Tue Feb 17 19:42:19 CET 2015

On 17/02/2015 11:19 AM, John Posner wrote:
> In the course of slicing-and-dicing some data, I had occasion to create a list like this:
>
> list(
>      subset(my_dataframe, GR1=="XX1"),
>      subset(my_dataframe, GR1=="XX2"),
>      subset(my_dataframe, GR1=="YY"),
>      subset(my_dataframe, GR1 %in% c("XX1", "XX2")),
>      subset(my_dataframe, GR2=="Remission"),
>      subset(my_dataframe, GR2=="Relapse"))
>
> I used %in% only once, because there was only one "compound value" (XX1 or XX2) for subsetting.
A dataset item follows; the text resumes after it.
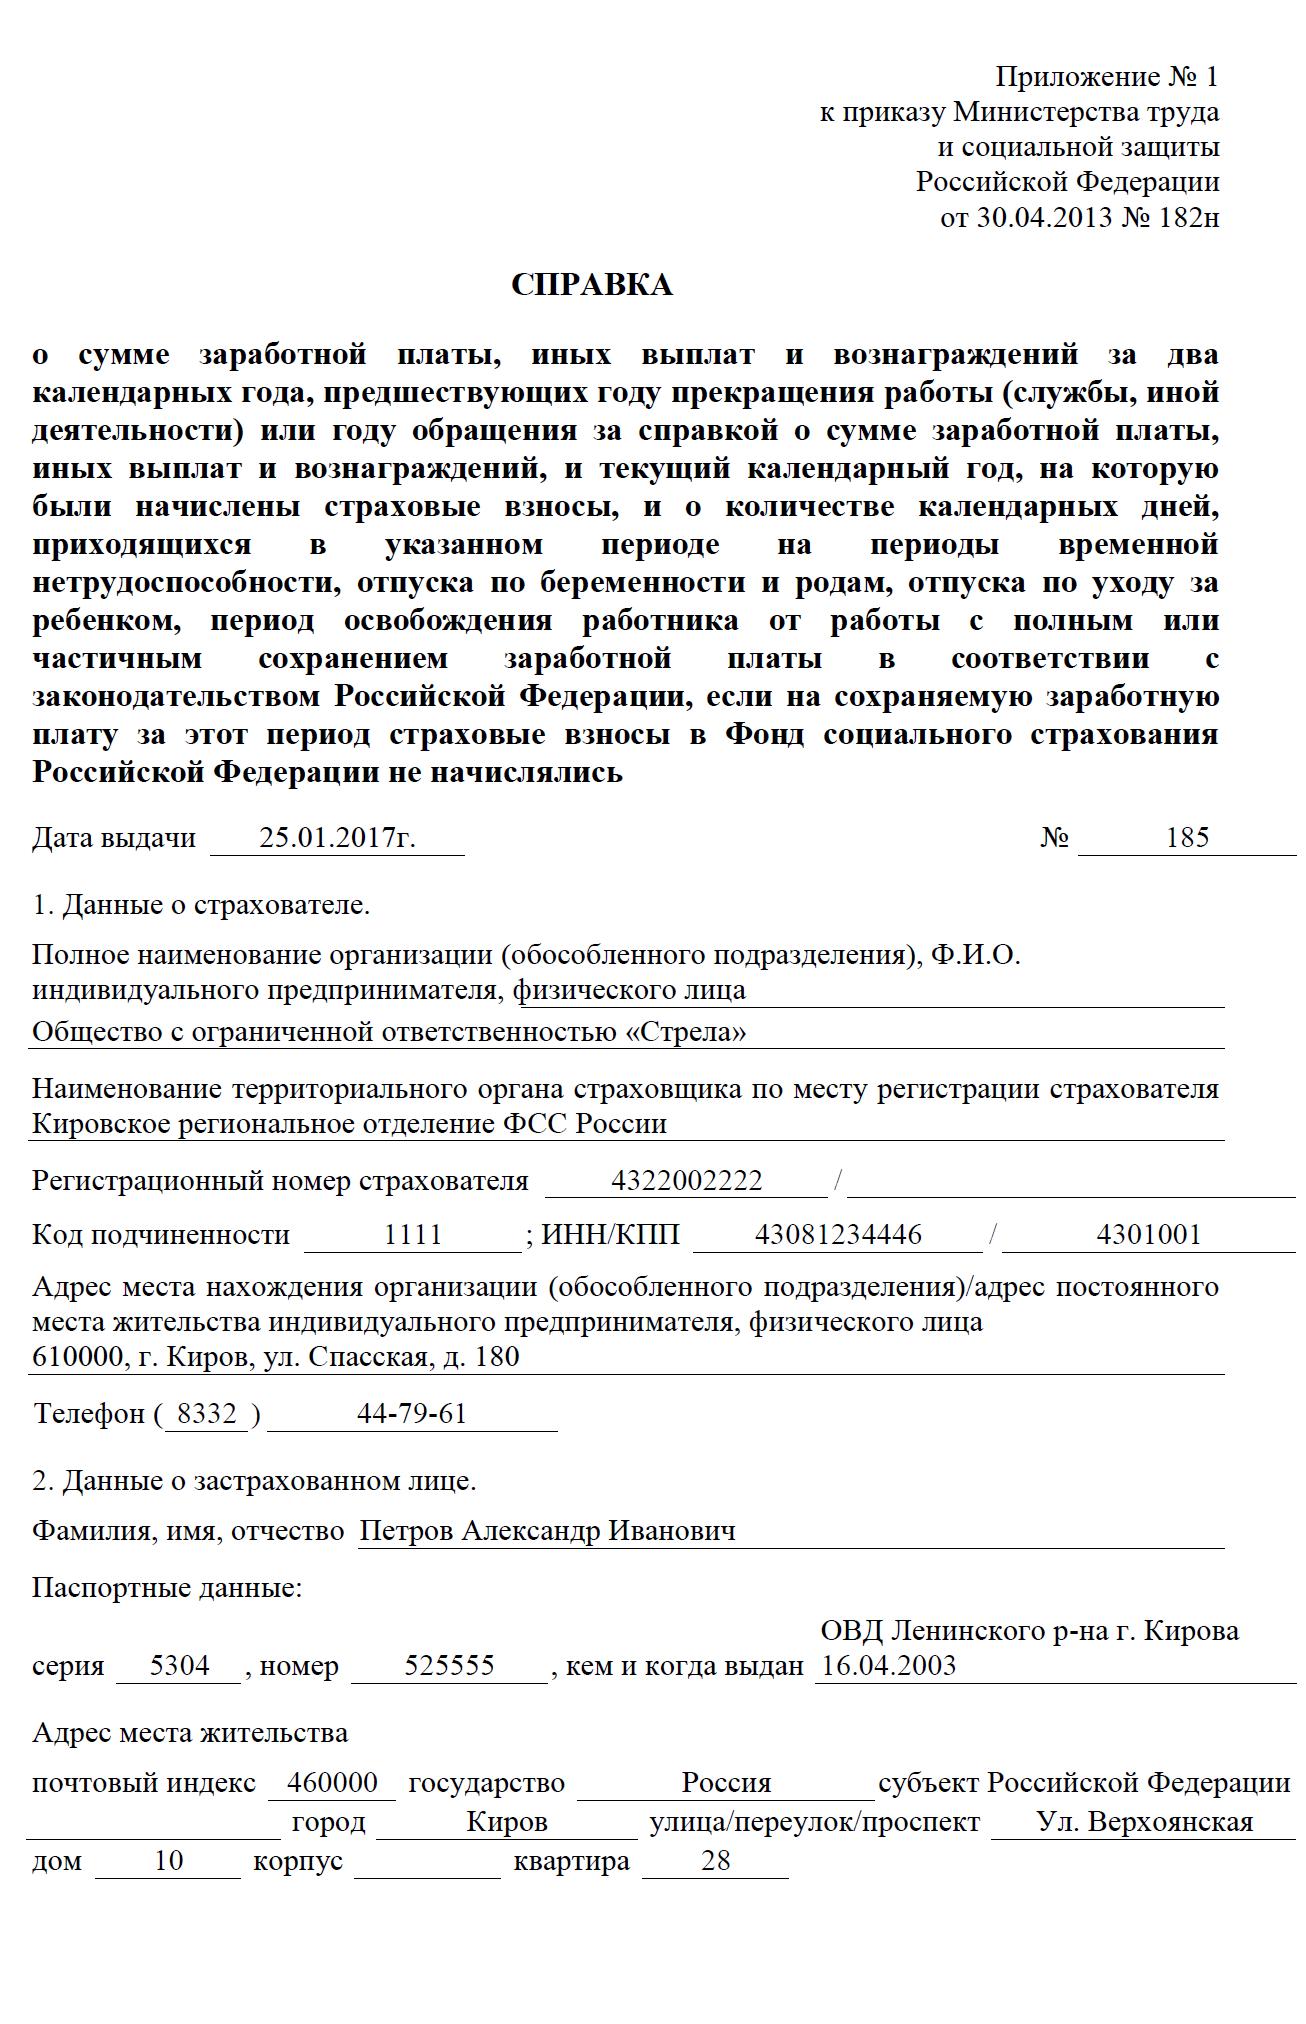 Справка 182н: образец заполнения в 2017 году

But then it occurred to me to use %in% everywhere, taking advantage of the fact that a scalar value is the same as a length-1 vector:
>
> list(
>      subset(my_dataframe, GR1 %in% "XX1"),
>      subset(my_dataframe, GR1 %in% "XX2"),
>      subset(my_dataframe, GR1 %in% "YY"),
>      subset(my_dataframe, GR1 %in% c("XX1", "XX2")),
>      subset(my_dataframe, GR2 %in% "Remission"),
>      subset(my_dataframe, GR2 %in% "Relapse"))
>
> It works just fine.  Are there any problems with this style, from the standpoints of correctness, aesthetics, etc.?

If GR1 or GR2 has a missing value, you get NA from the equality tests, 
but FALSE from the %in% tests.  That won't affect subset (where NA and 
FALSE both result in the omission of the observation), but it might 
affect other code like this.  For example, if you had selected rows 
using a logical index instead of using subset, the NA entries in the 
index would result in NA selections in the data.

Duncan Murdoch